Because machine intelligence is a learning activity, much of what A.I. is will be based on the massive data sets from which it learns. Kristian Hammond writes:
We tend to think of machines, in particular smart machines, as somehow cold, calculating and unbiased. We believe that self-driving cars will have no preference during life or death decisions between the driver and a random pedestrian. We trust that smart systems performing credit assessments will ignore everything except the genuinely impactful metrics, such as income and FICO scores. And we understand that learning systems will always converge on ground truth because unbiased algorithms drive them.

For some of us, this is a bug: Machines should not be empathetic outside of their rigid point of view. For others, it is a feature: They should be freed of human bias. But in the middle, there is the view they will be objective.

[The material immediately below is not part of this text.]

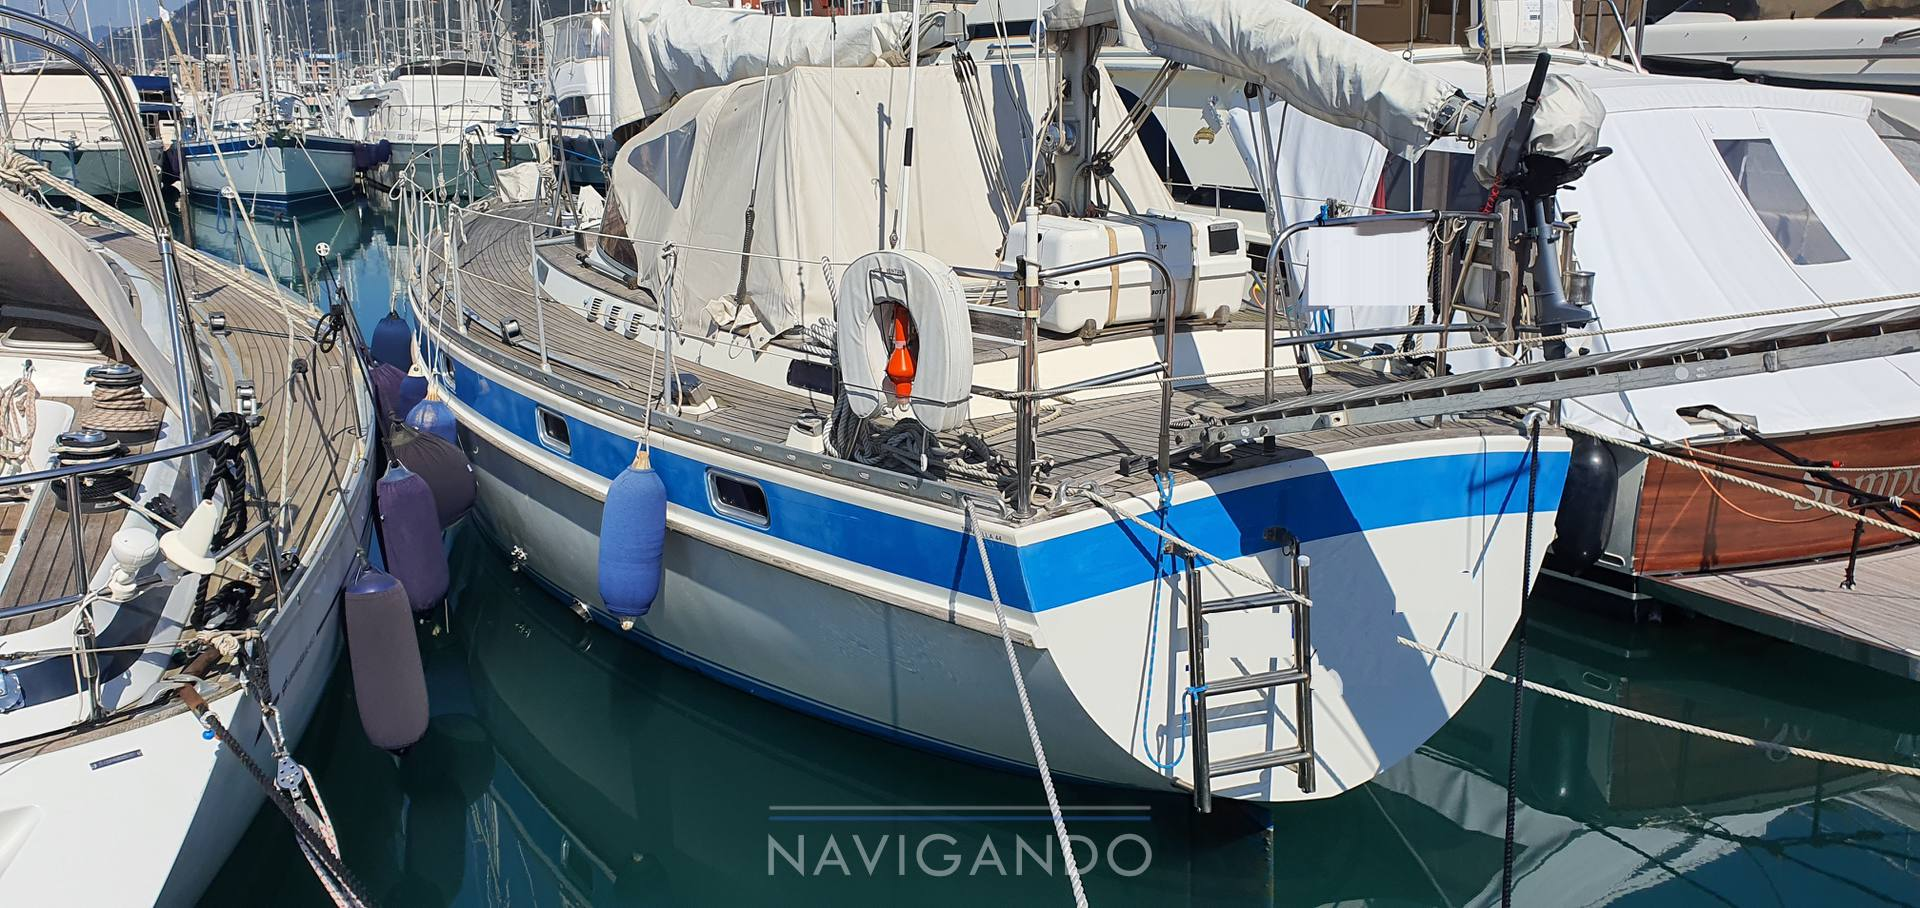 Trintella 44 ketch Sailing boat used for sale

Of course, nothing could be further from the truth. The reality is that not only are very few intelligent systems genuinely unbiased, but there are multiple sources for bias. These sources include the data we use to train systems, our interactions with them in the “wild,” emergent bias, similarity bias and the bias of conflicting goals. Most of these sources go unnoticed. But as we build and deploy intelligent systems, it is vital to understand them so we can design with awareness and hopefully avoid potential problems.
It is, of course, nearly impossible to eliminate the subtle bias that creeps into any machine learning system based on the big data it uses. As long as the bias is unintentional, we can use such systems without major difficulty.

What worries me is that some of these A.I. systems will access big data that has an intentional bias. As a consequence, the patterns that the A.I. recognizes will be skewed, the recommendations/judgements that it makes will be slanted for political purposes, and as our reliance on such systems grow (and it surely will grow), the damage that the A.I. does will begin to become dangerous.

It is highly likely that machine learning systems will be used to assess the success and/or failure of many societal systems—healthcare, education, social services, human impact on the environment, the justice system, and many others. It is critically important for these A.I.s to have access to all data, not just the data that is deemed politically correct or data that support the party in power at the moment.